Supplied records START
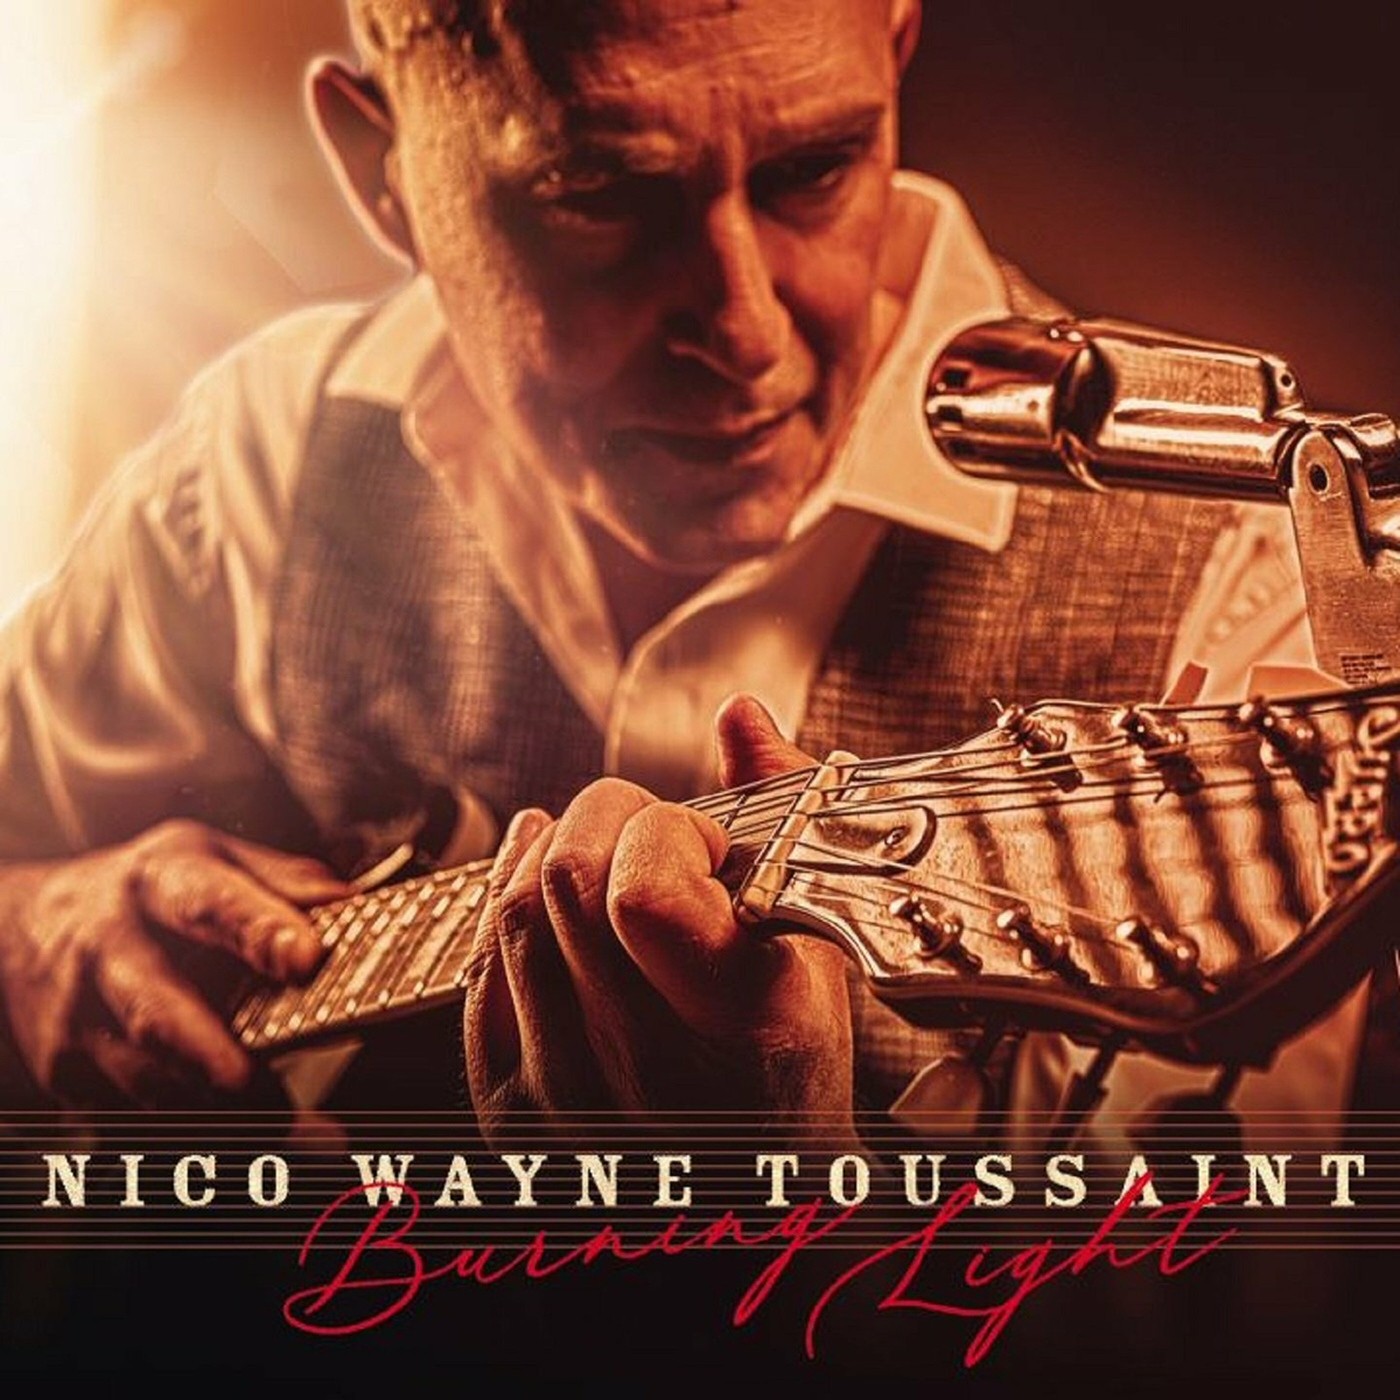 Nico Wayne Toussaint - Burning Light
Supplied records END
Supplied records START
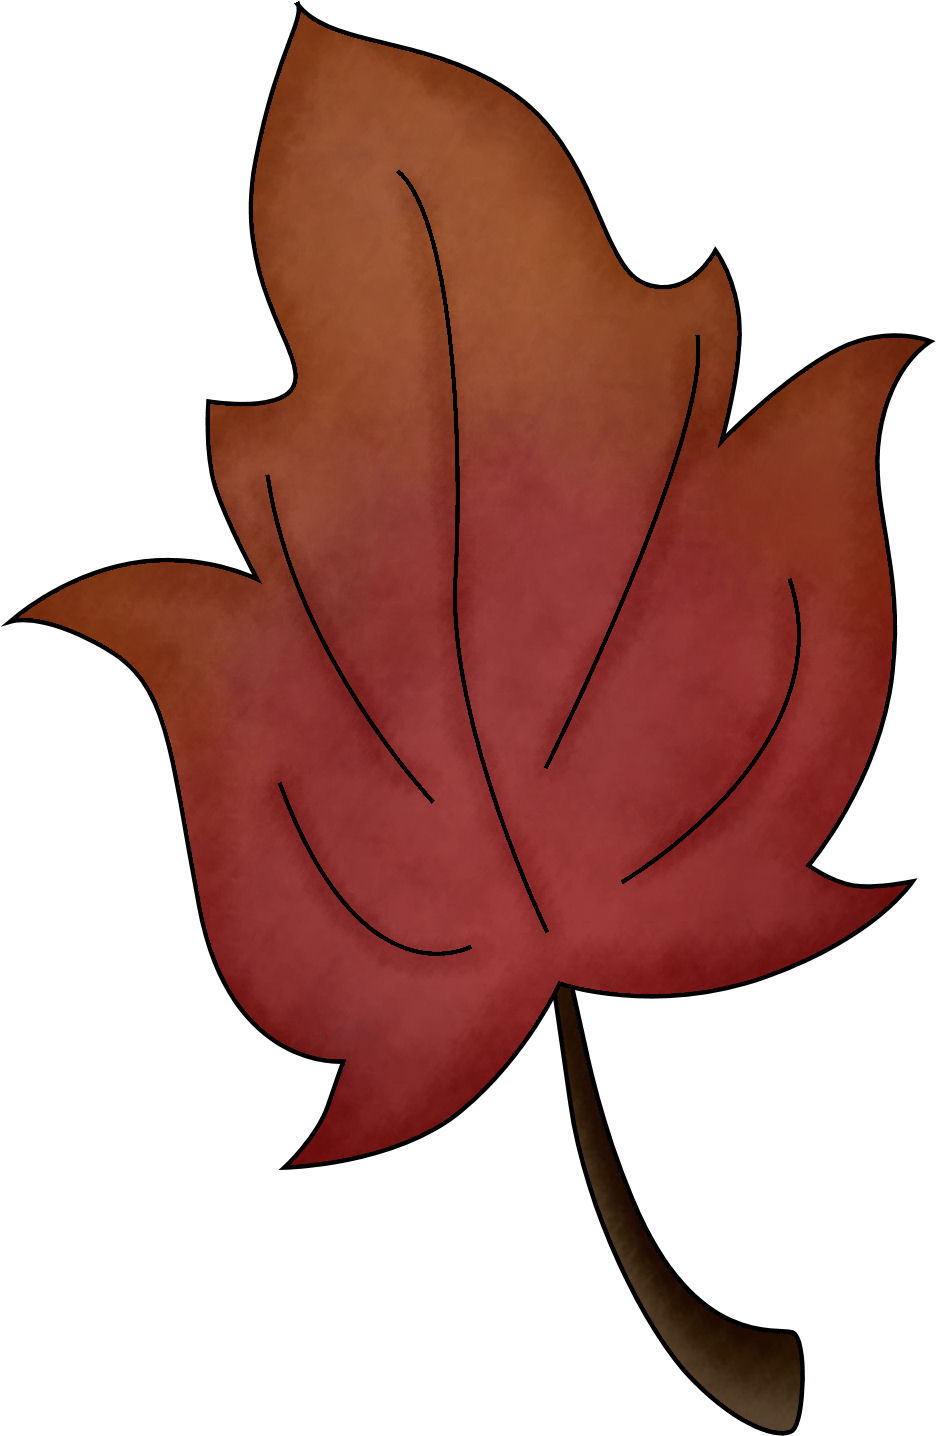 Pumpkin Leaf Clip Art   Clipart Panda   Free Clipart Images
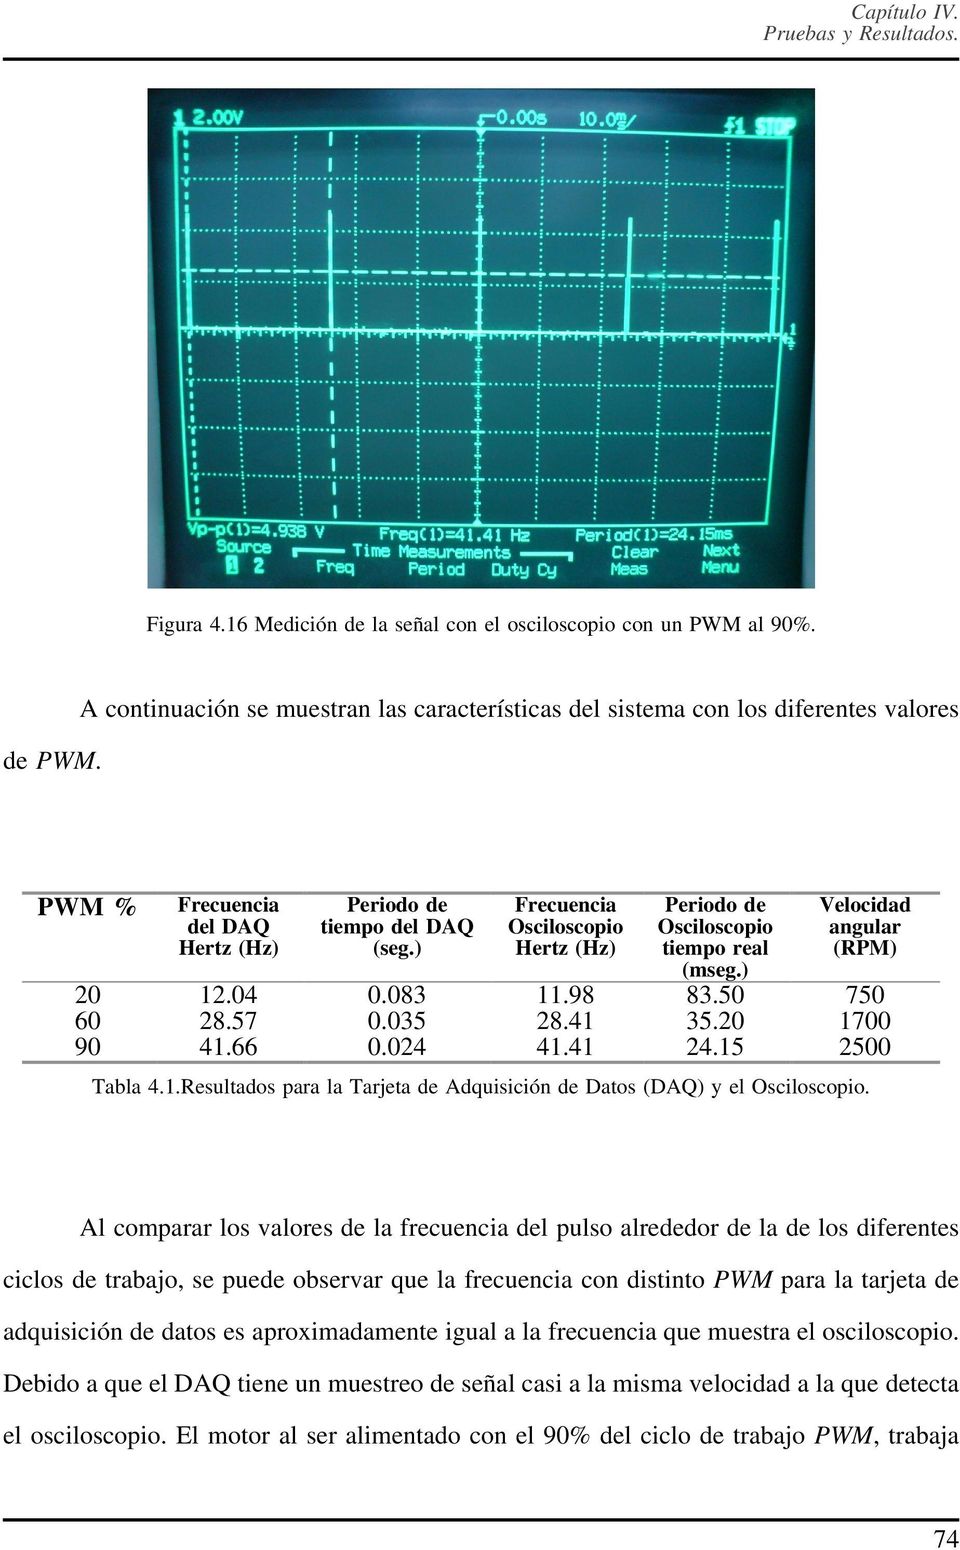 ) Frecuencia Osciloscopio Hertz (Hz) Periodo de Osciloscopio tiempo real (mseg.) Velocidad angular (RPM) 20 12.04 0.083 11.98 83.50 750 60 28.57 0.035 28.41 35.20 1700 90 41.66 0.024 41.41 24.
Supplied records END
Try it: In the listing above, find the line with "Pumpkin Leaf Clip" and output every line through the one with "0.024 41.41 24.", exactly, without the pictures.

Written answer:
 Pumpkin Leaf Clip Art   Clipart Panda   Free Clipart Images
 ) Frecuencia Osciloscopio Hertz (Hz) Periodo de Osciloscopio tiempo real (mseg.) Velocidad angular (RPM) 20 12.04 0.083 11.98 83.50 750 60 28.57 0.035 28.41 35.20 1700 90 41.66 0.024 41.41 24.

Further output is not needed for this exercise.